Provided data →

****

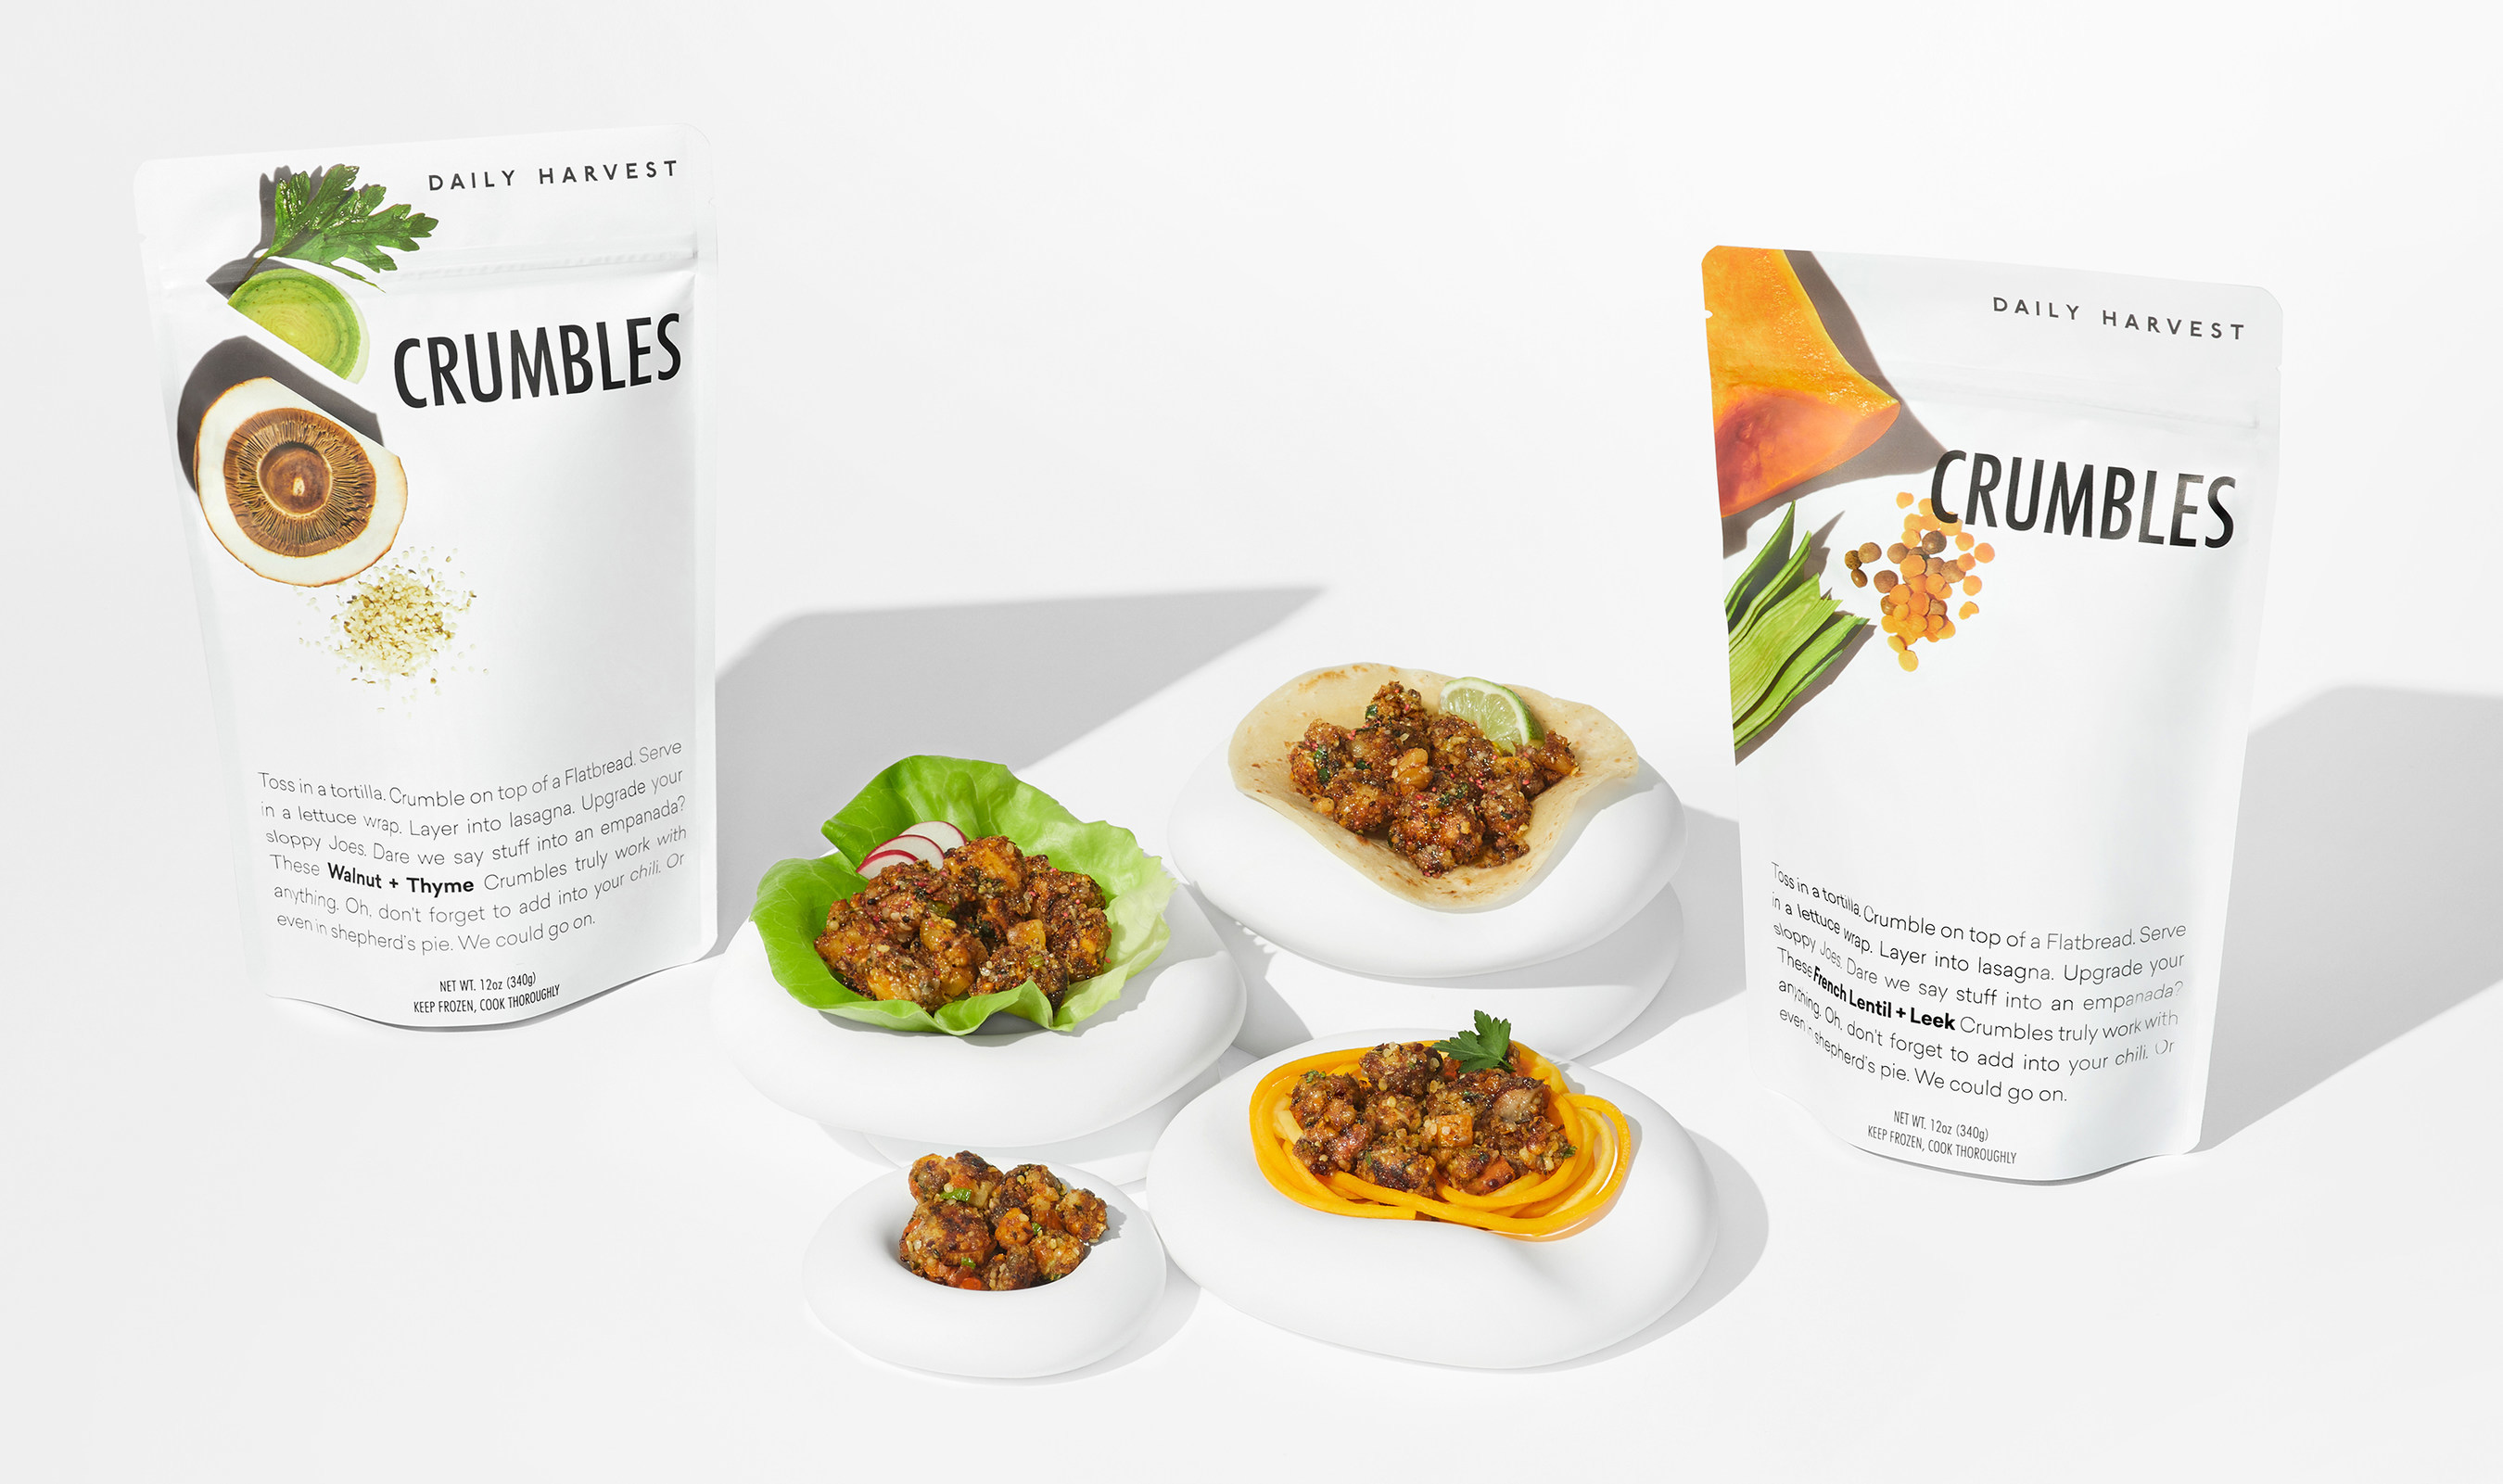 a promotional image showing two bags of Daily Harvest’s Crumbles, a plant-based protein product; between them are four dishes using the Crumbles
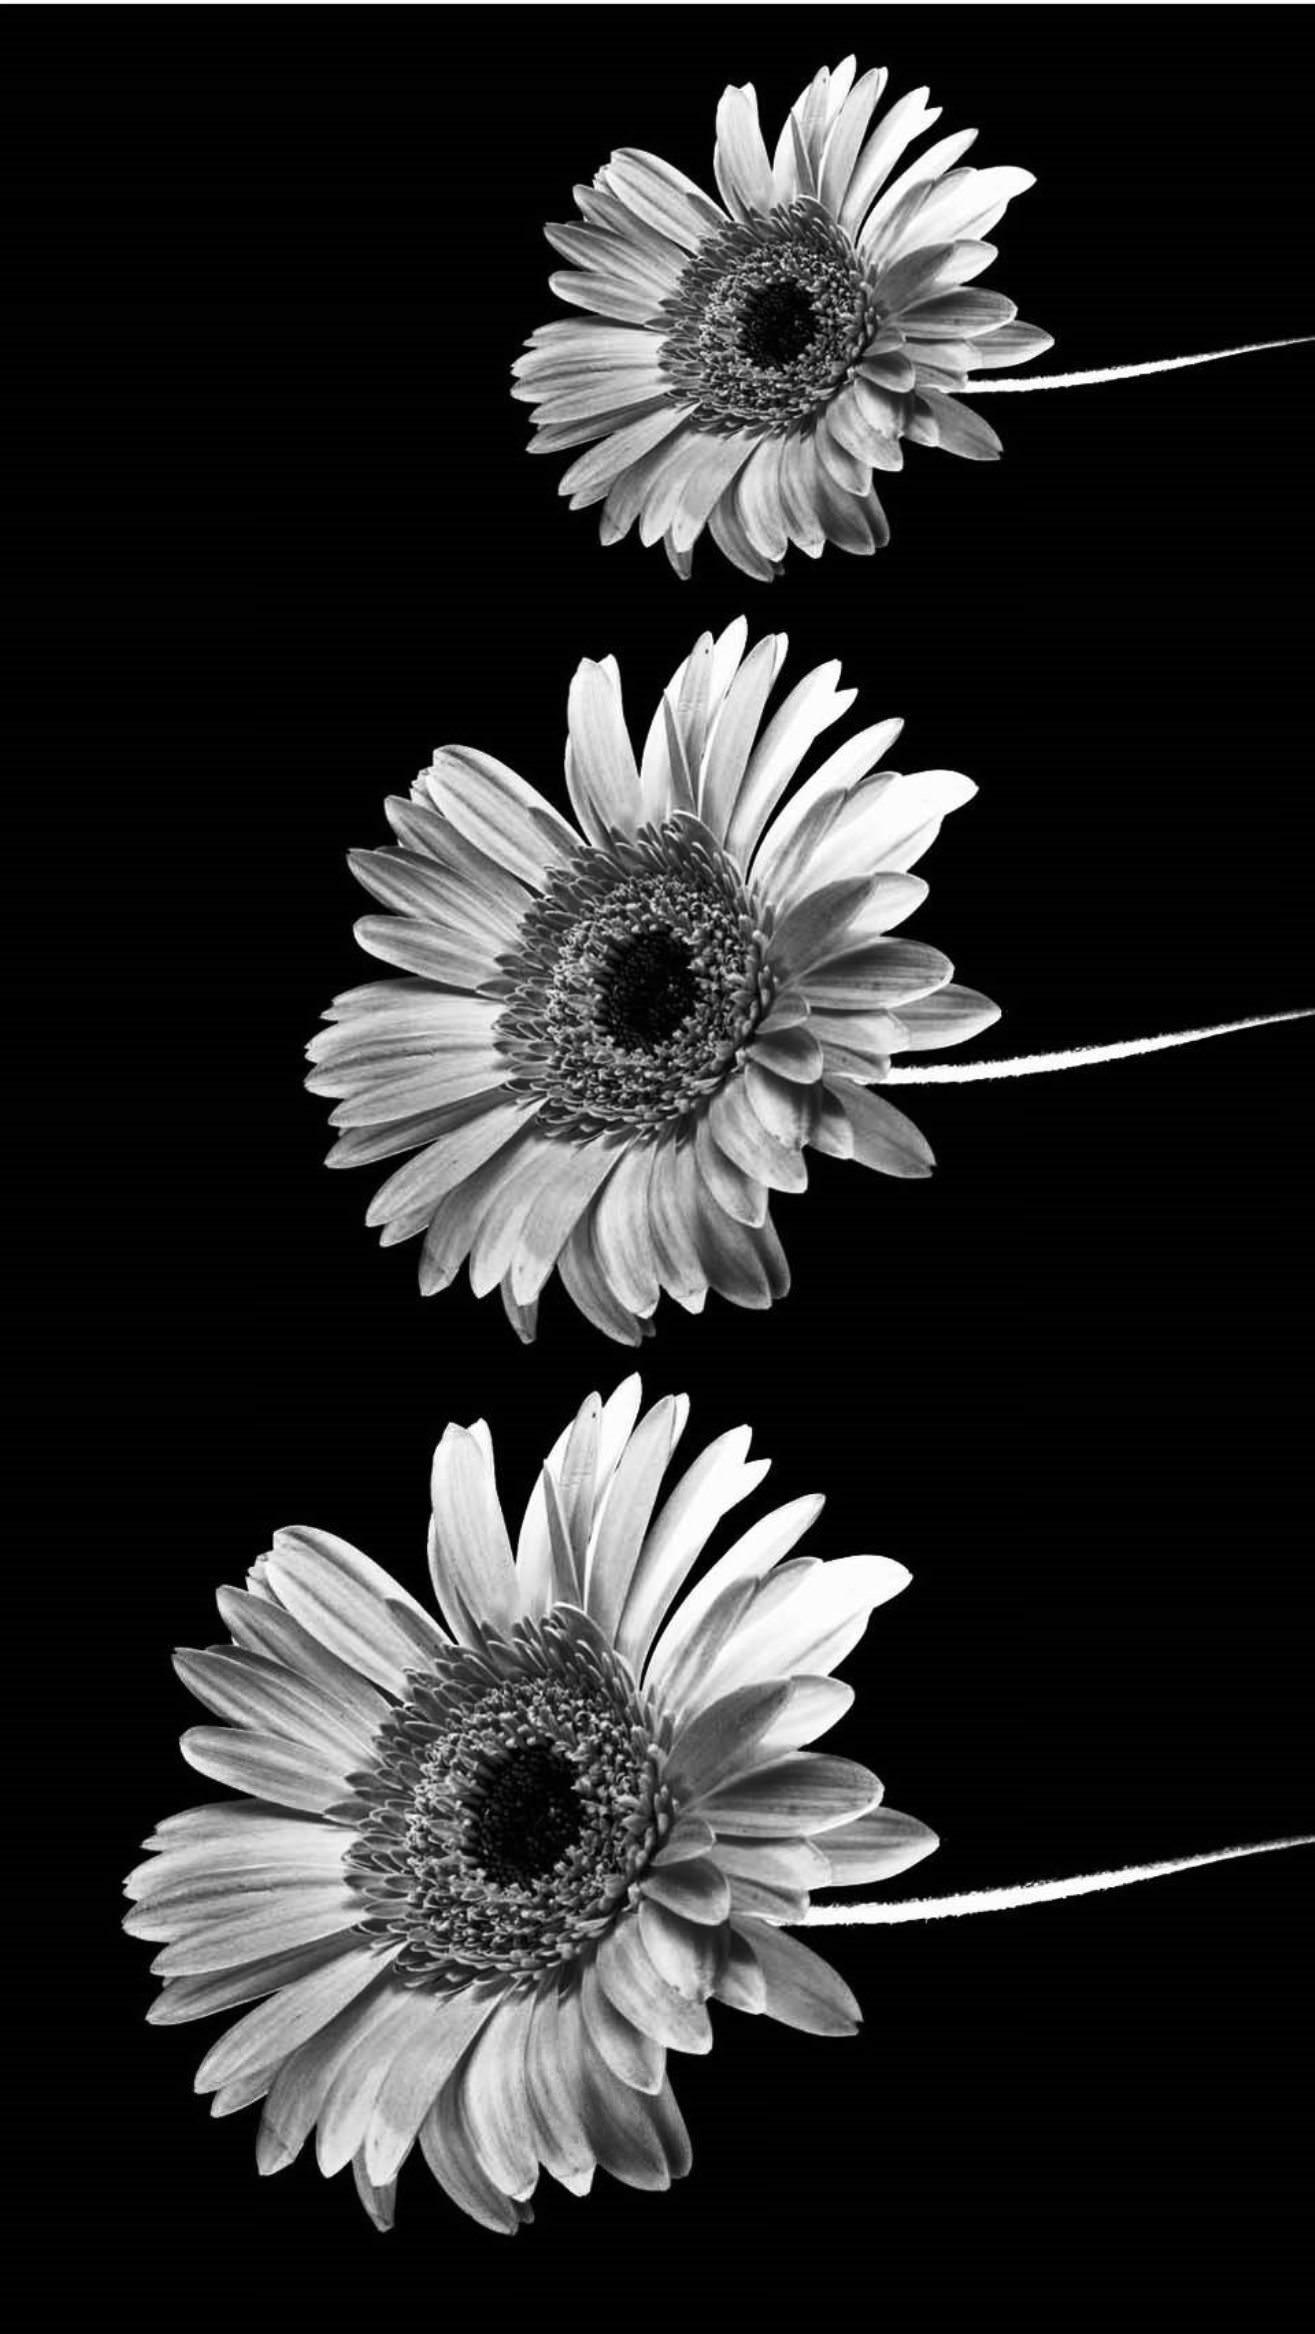 black and white iphone wallpaper tumblr
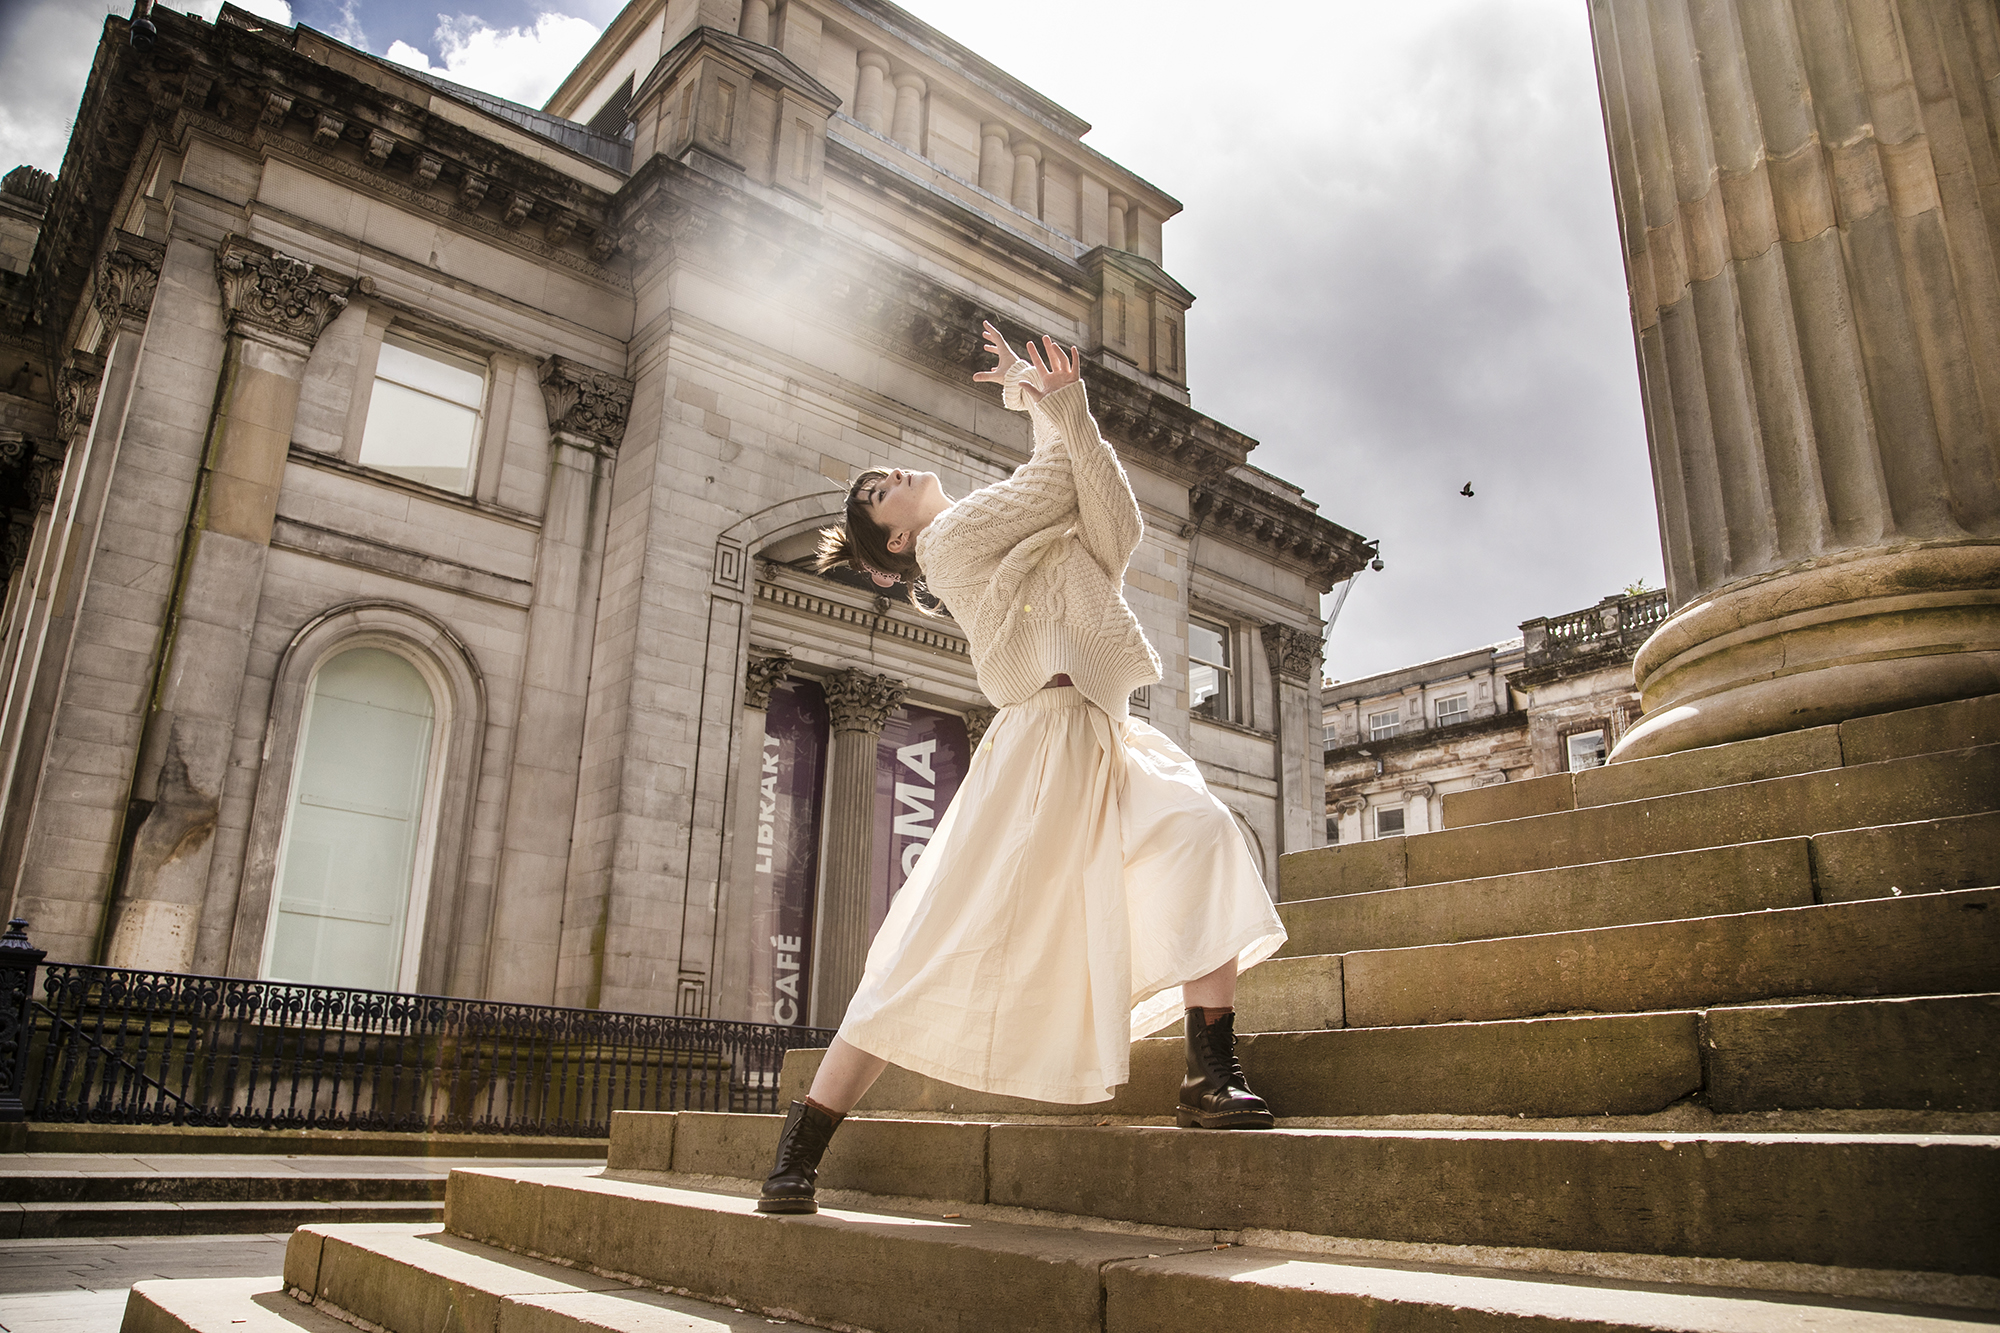 dancer lunging on steps of Glasgow council building with large pillars. White female dancer with brown hair arms interlinked towards the sky. White cable knit jumper and white midi skirt.

****

Your assignment → Pictures stay out. Write out everything else in the material exactly.

Exercise response →
 a promotional image showing two bags of Daily Harvest’s Crumbles, a plant-based protein product; between them are four dishes using the Crumbles
 black and white iphone wallpaper tumblr
 dancer lunging on steps of Glasgow council building with large pillars. White female dancer with brown hair arms interlinked towards the sky. White cable knit jumper and white midi skirt.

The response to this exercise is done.